# What is partial least squares regression?

Partial least squares (PLS) regression is a technique that reduces the predictors to a smaller set of uncorrelated components and performs least squares regression on these components, instead of on the original data. PLS regression is especially useful when your predictors are highly collinear, or when you have more predictors than observations and ordinary least-squares regression either produces coefficients with high standard errors or fails completely.

PLS regression is primarily used in the chemical, drug, food, and plastic industries. A common application is to model the relationship between spectral measurements (NIR, IR, UV), which include many variables that are often correlated with each other, and chemical composition or other physio-chemical properties. In PLS regression, the emphasis is on developing predictive models. Therefore, it is not usually used to screen out variables that are not useful in explaining the response.

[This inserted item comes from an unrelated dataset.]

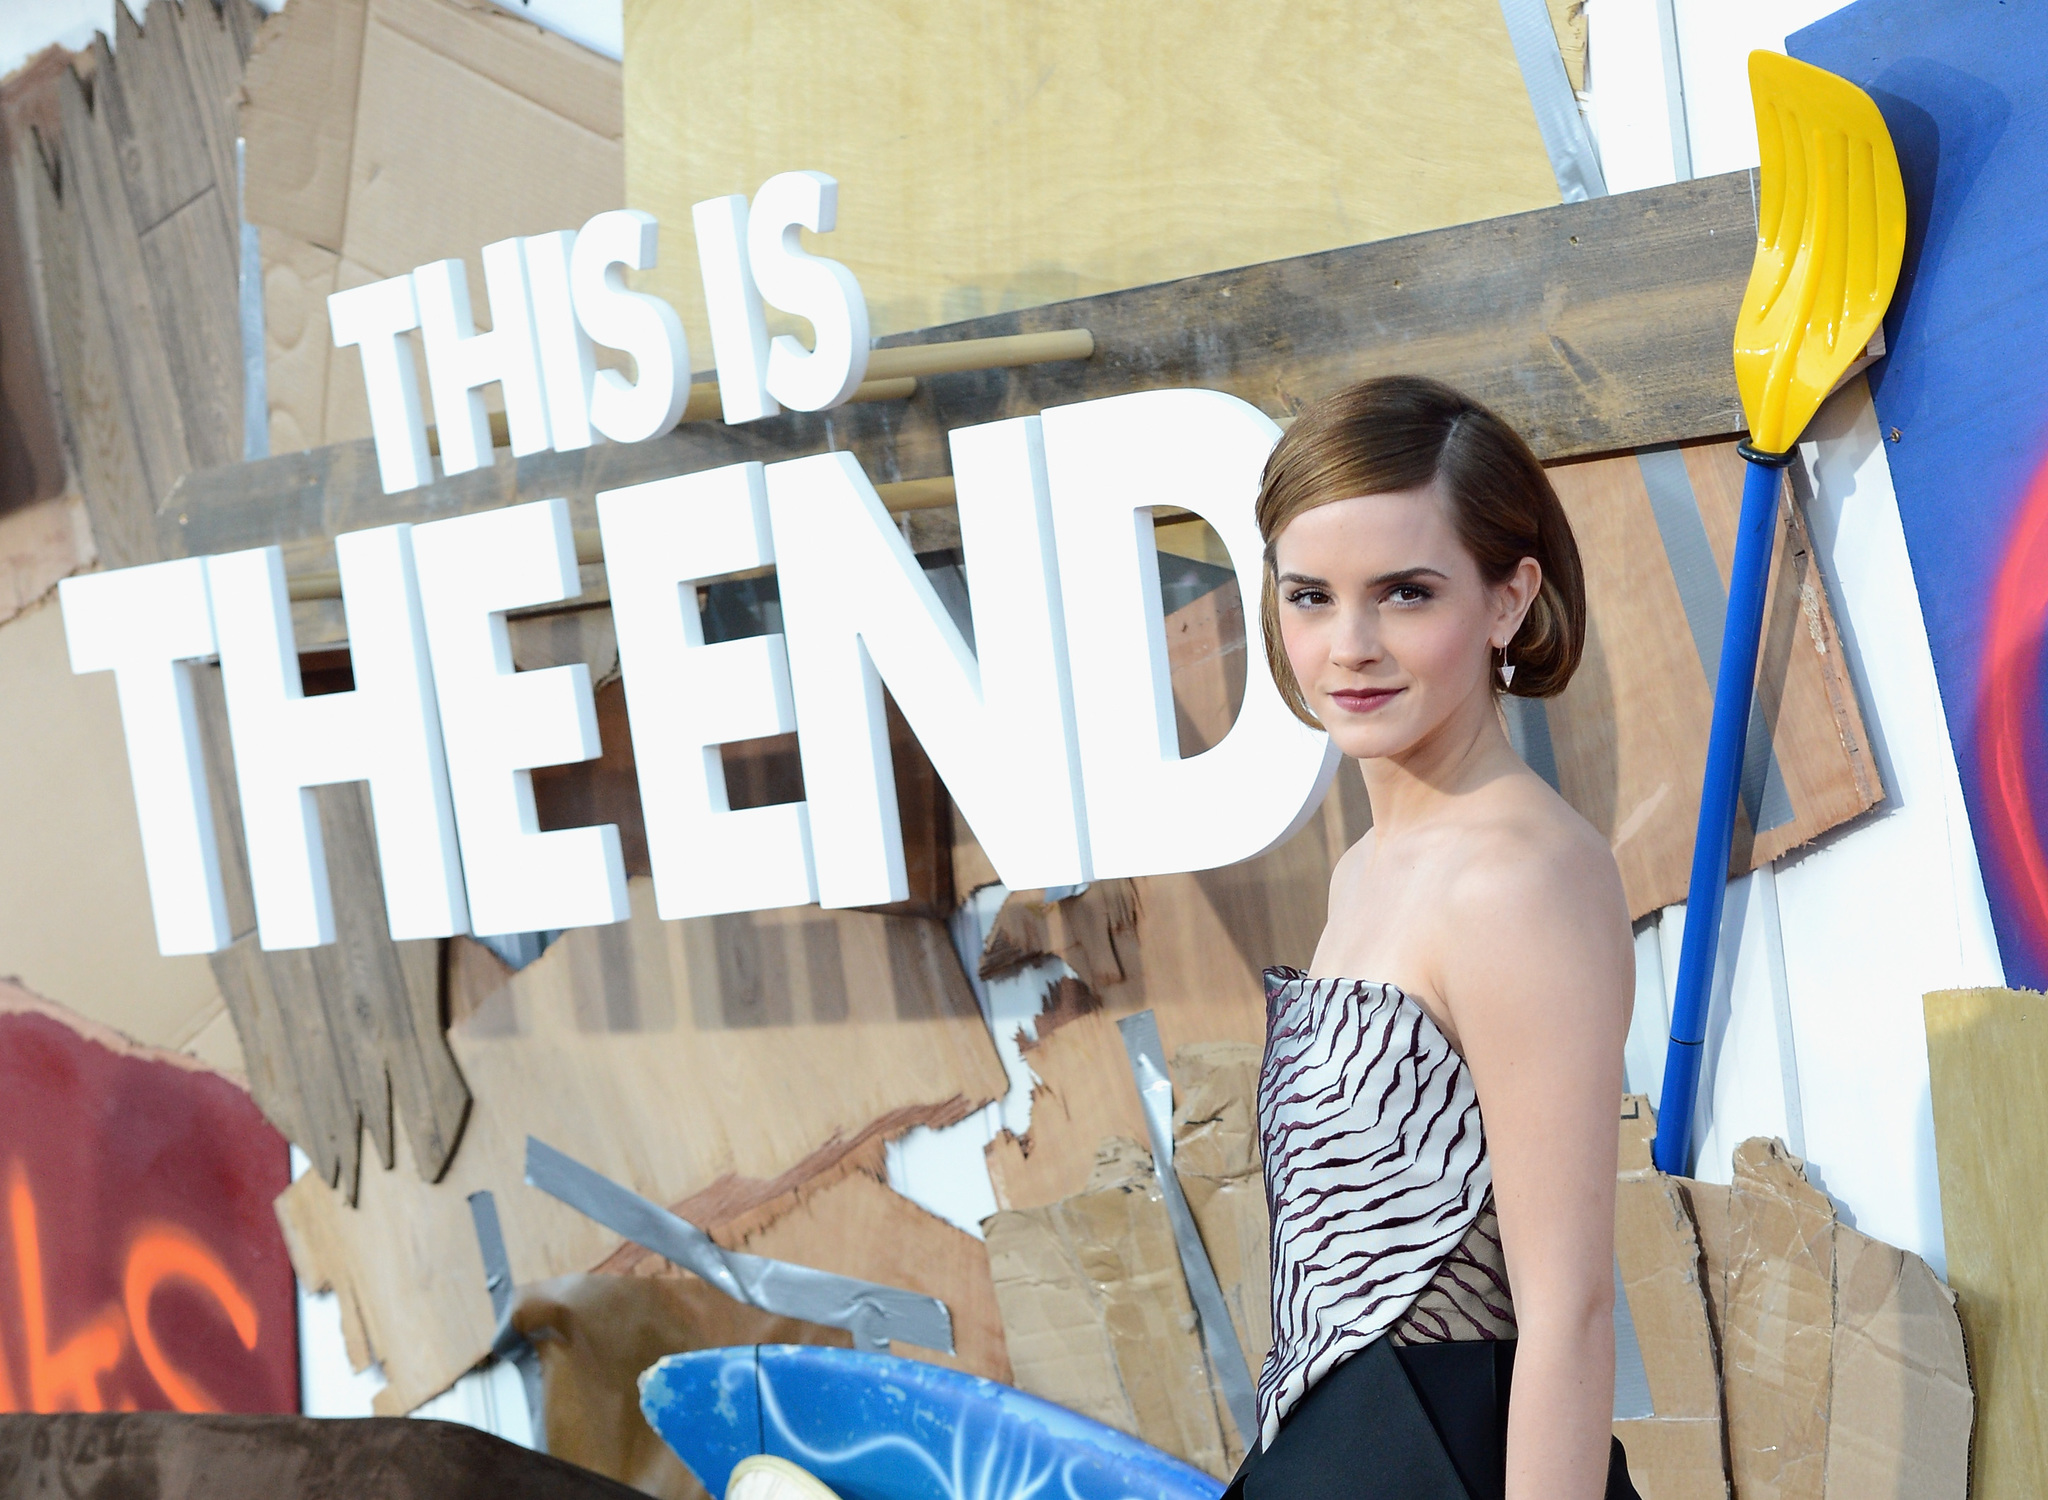 Emma Watson at event of Dabar jau tikrai sikna (2013)
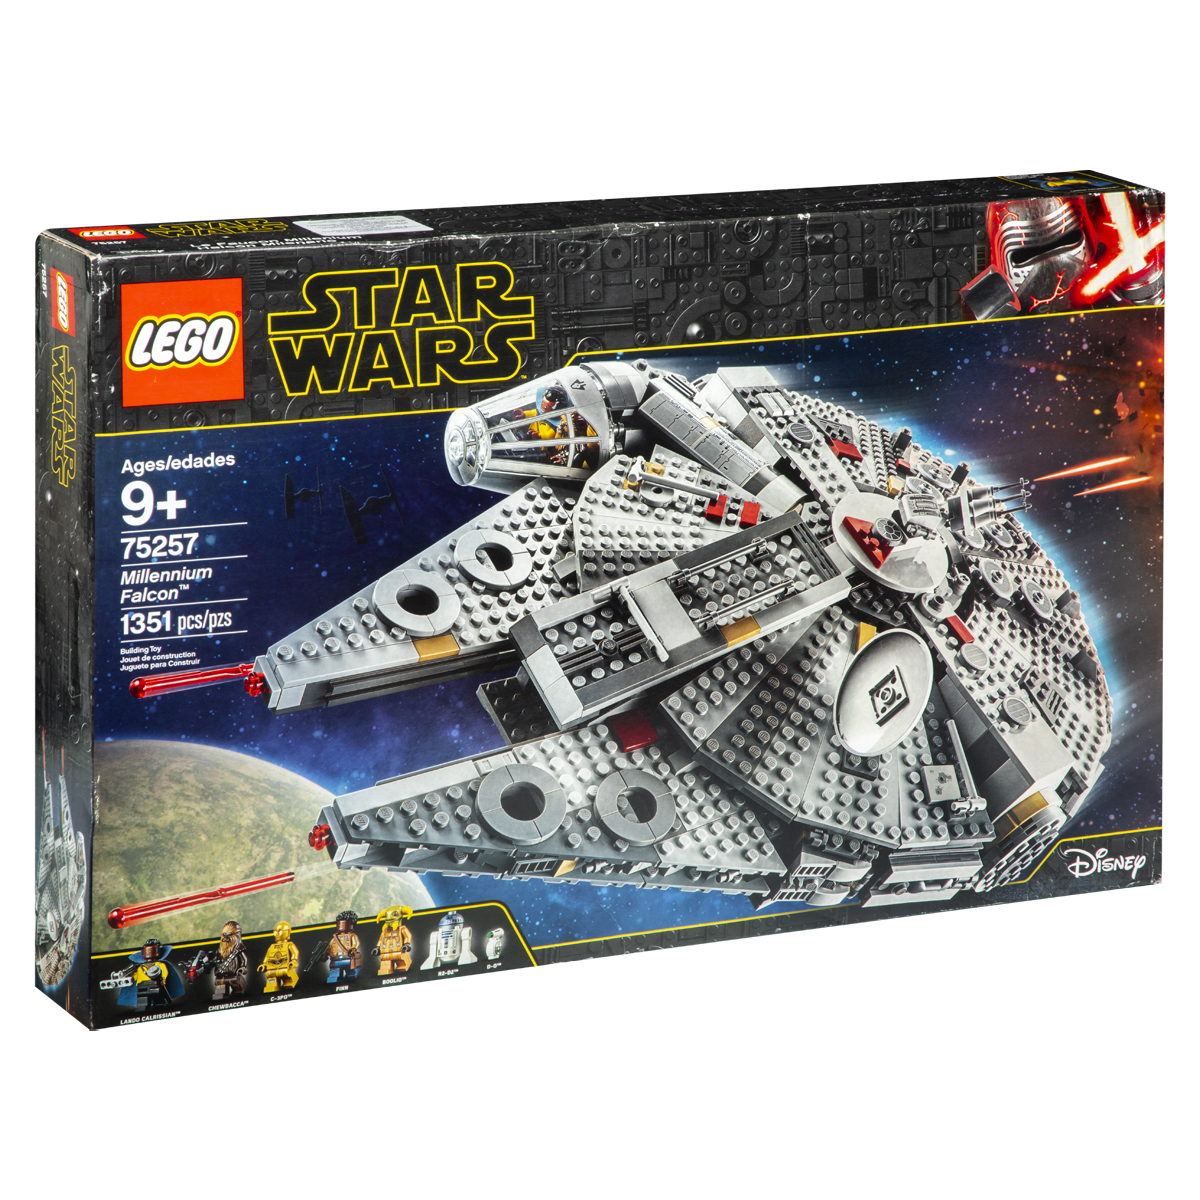 El Halcón Milenario de Star Wars salvó a Lego - El Cronista

Minitab uses the nonlinear iterative partial least squares (NIPALS) algorithm developed by Herman Wold. The algorithm reduces the number of predictors using a technique similar to principal components analysis to extract a set of components that describes maximum correlation between the predictors and response variables. If the predictors are highly correlated, or if a smaller number of components perfectly model the response, then the number of components in the model might be much less than the number of predictors. Minitab then performs least-squares regression on these uncorrelated components. Also, cross-validation is often used to select the components that maximize the model's predictive ability.

PLS regression fits multiple response variables in a single model. Because PLS regression models the response variables in a multivariate way, the results can differ significantly from those calculated for the response variables individually. You should model multiple responses in a single PLS regression model only when they are correlated.